1. **Business Courses:**
   - There are 1,671 courses in the Business category, making it the most abundant category in the dataset.

2. **Programming Courses:**
   - With 1,655 courses, the Programming category is slightly behind Business but still holds a significant portion of the dataset.

3. **Science Courses:**
   - The Science category contains 1,654 courses, closely following Programming and Business in terms of quantity.

4. **Health Courses:**
   - There are 1,648 courses in the Health category, slightly fewer than those in Science.

5. **Arts Courses:**
   - The Arts category has the fewest courses with 1,581, though it remains a notable category within the dataset.

Overall, the dataset shows a high number of courses across all categories, with Business, Programming, and Science having the highest counts.

In [21]:
# Define the columns
cols = ['TimeSpentOnCourse', 'NumberOfVideosWatched', 'CompletionRate', 'NumberOfQuizzesTaken', 'QuizScores']

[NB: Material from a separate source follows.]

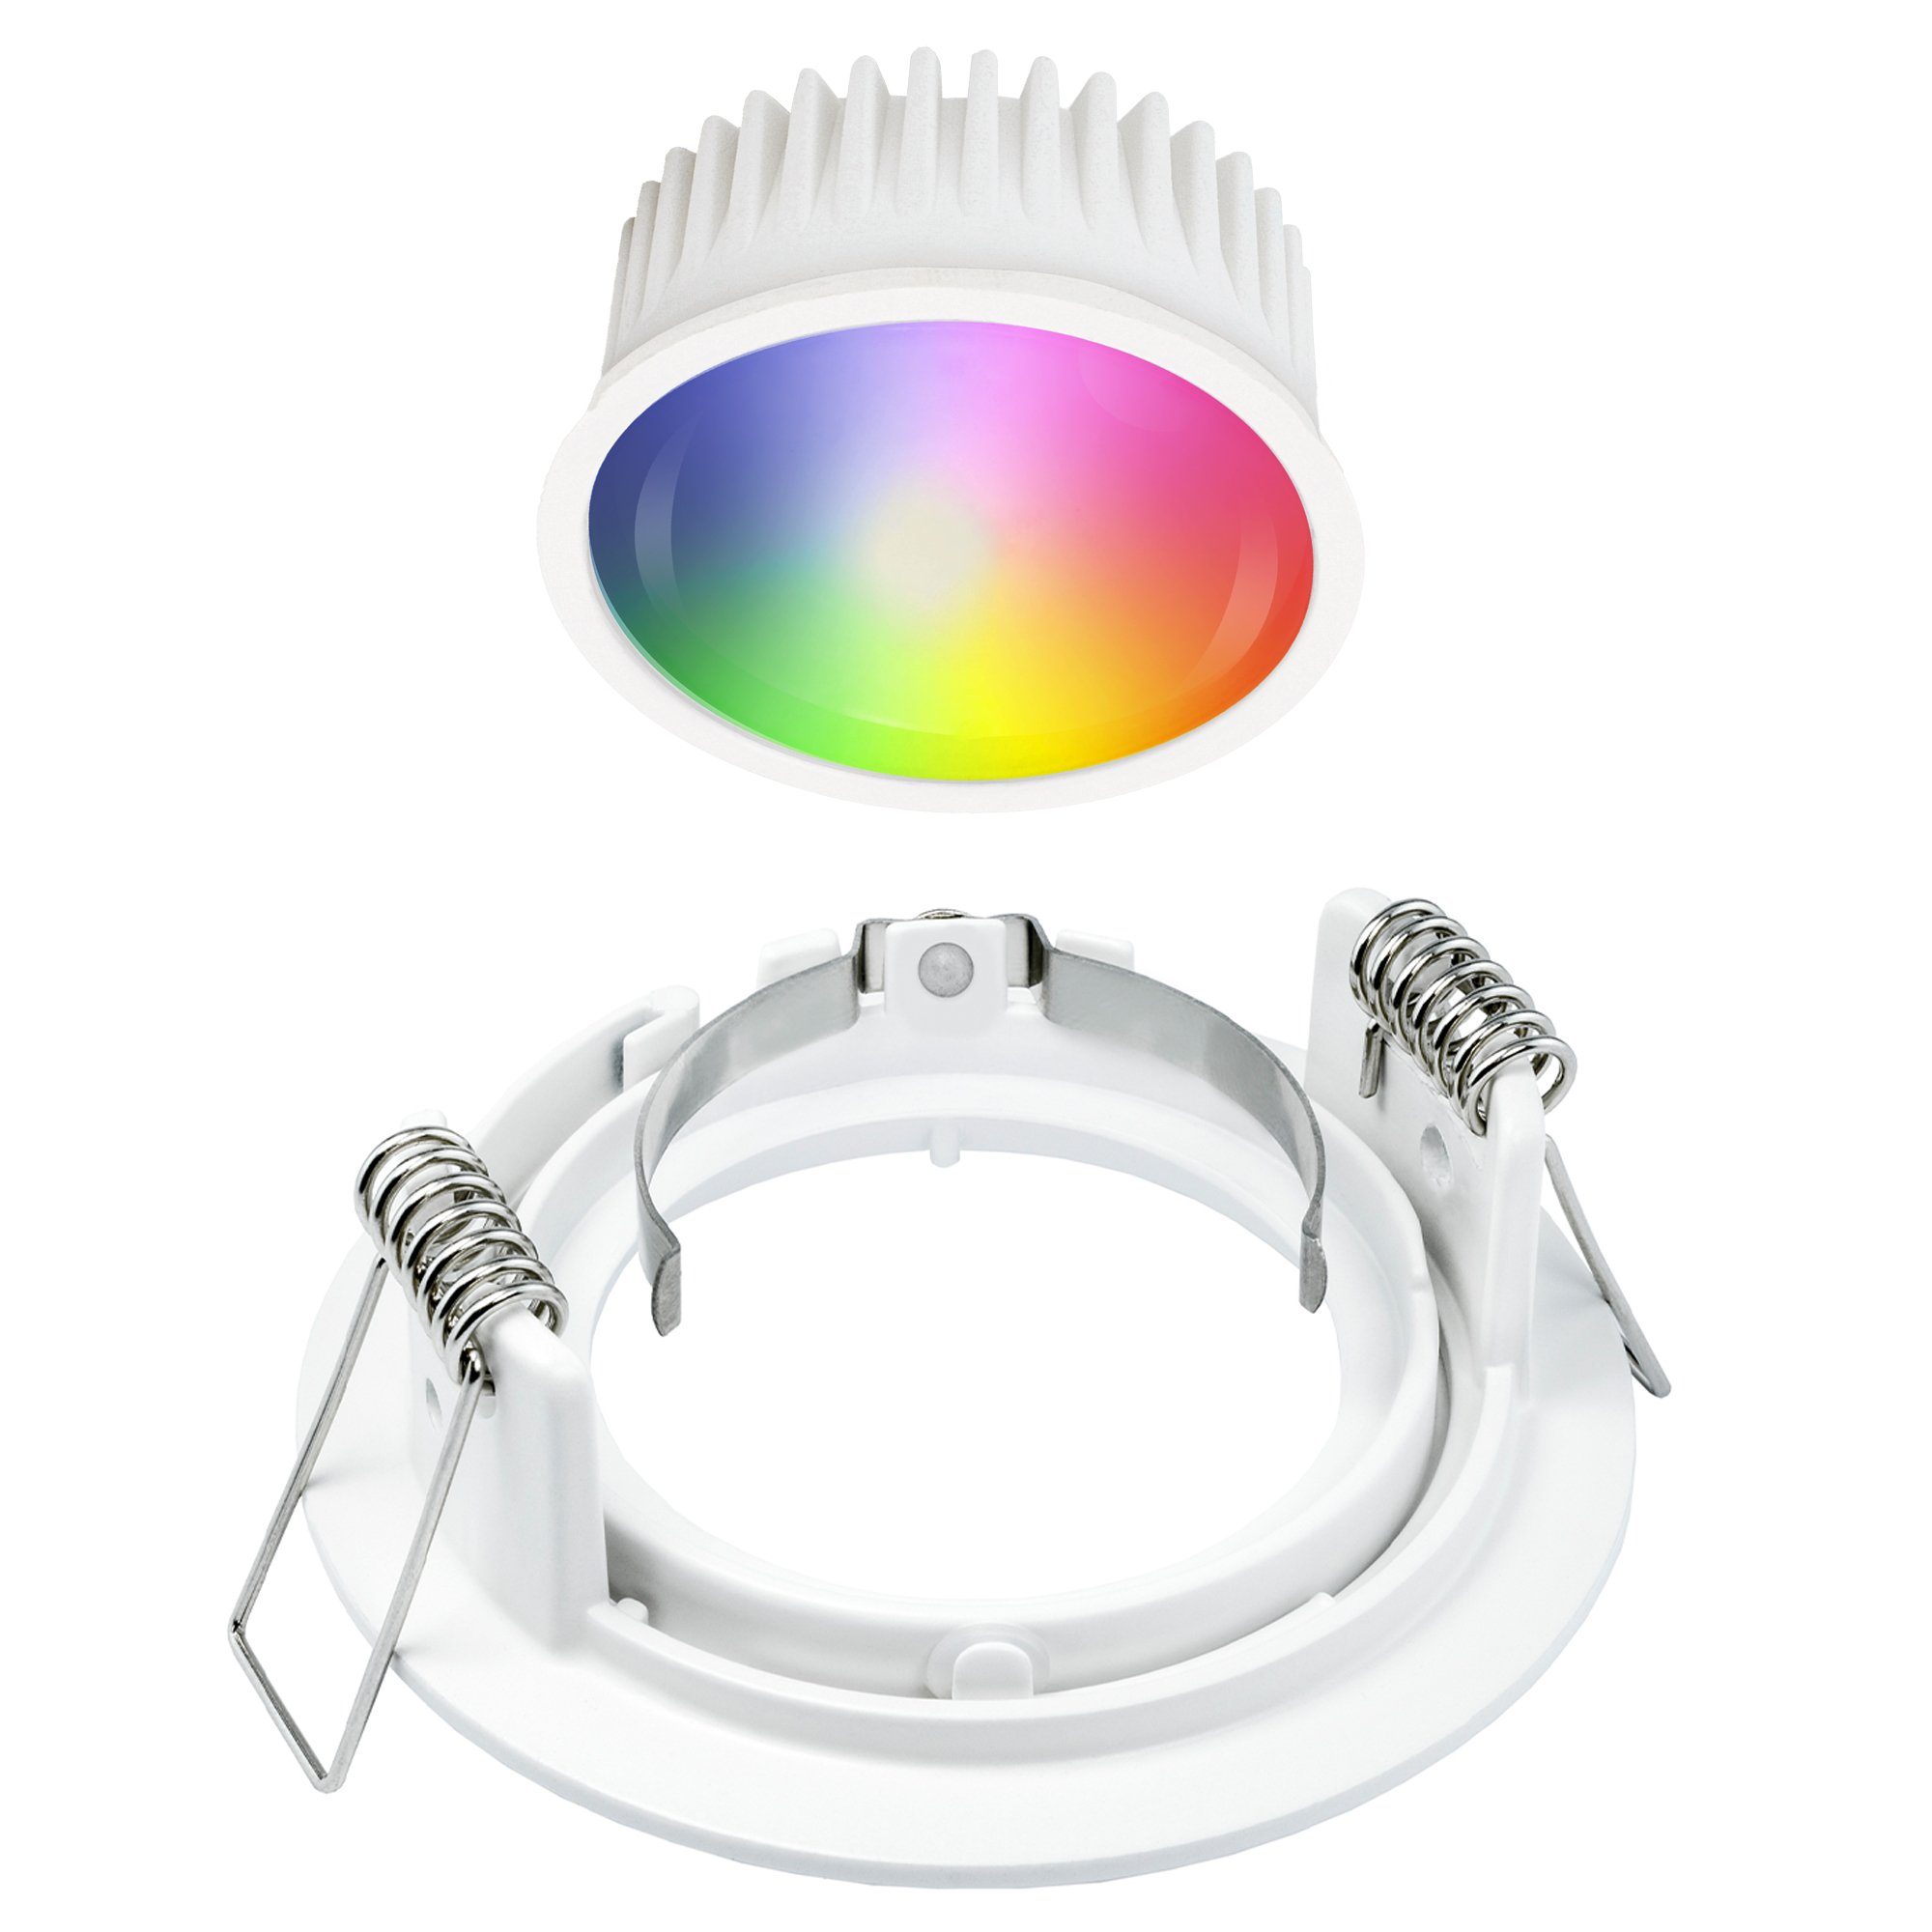 linovum LED Einbaustrahler Extra Smart weiss inkl. flacher Einbaustrahler inklusive inklusive, Leuchtmittel GU10, rund WLAN LED Leuchtmittel

# Number of columns to plot
num_columns = len(cols)

# Determine the number of rows and columns needed for the subplots grid
num_cols = 3  # Number of columns in the grid
num_rows = (num_columns + num_cols - 1) // num_cols  # Calculate number of rows required

# Create a subplot figure
fig = make_subplots(rows=num_rows, cols=num_cols, subplot_titles=cols)

# Loop through each column and add a histogram to the subplot grid
for i, col in enumerate(cols):
    row = i // num_cols + 1  # Calculate the row index
    col_pos = i % num_cols + 1  # Calculate the column index
    
    # Add histogram for each column
    fig.add_trace(go.Histogram(x=df[col], name=col), row=row, col=col_pos)

# Update layout for the entire figure
fig.update_layout(height=800, width=1000, showlegend=True, title_text='Histograms of DataFrame Columns')

# Adjust spacing between subplots
fig.update_xaxes(showticklabels=True)
fig.update_yaxes(showticklabels=True)

# Display the plot
fig.show()


1. **Course Category Distribution**:
   - The most frequent course categories, ranked from highest to lowest, are:
     1. **Business**
     2. **Programming**
     3. **Science**
     4. **Health**
     5. **Arts**

2. **Time Spent on Courses**:
   - The majority of users spent between **49 to 51 hours** on courses.
   - In contrast, the least amount of time was spent by users in the range of **99 to 101 hours**.

3. **Number of Videos Watched**:
   - Courses with an average of **10 videos watched** are the most common.

4. **Number of Quizzes Taken**:
   - Most courses have a consistent average number of quizzes taken.

5. **Quiz Scores**:
   - The highest recorded quiz score is **75**.


In [22]:
# Define the columns
cols = ['TimeSpentOnCourse', 'NumberOfVideosWatched', 'NumberOfQuizzesTaken', 'QuizScores', 'CompletionRate', 'CourseCategory']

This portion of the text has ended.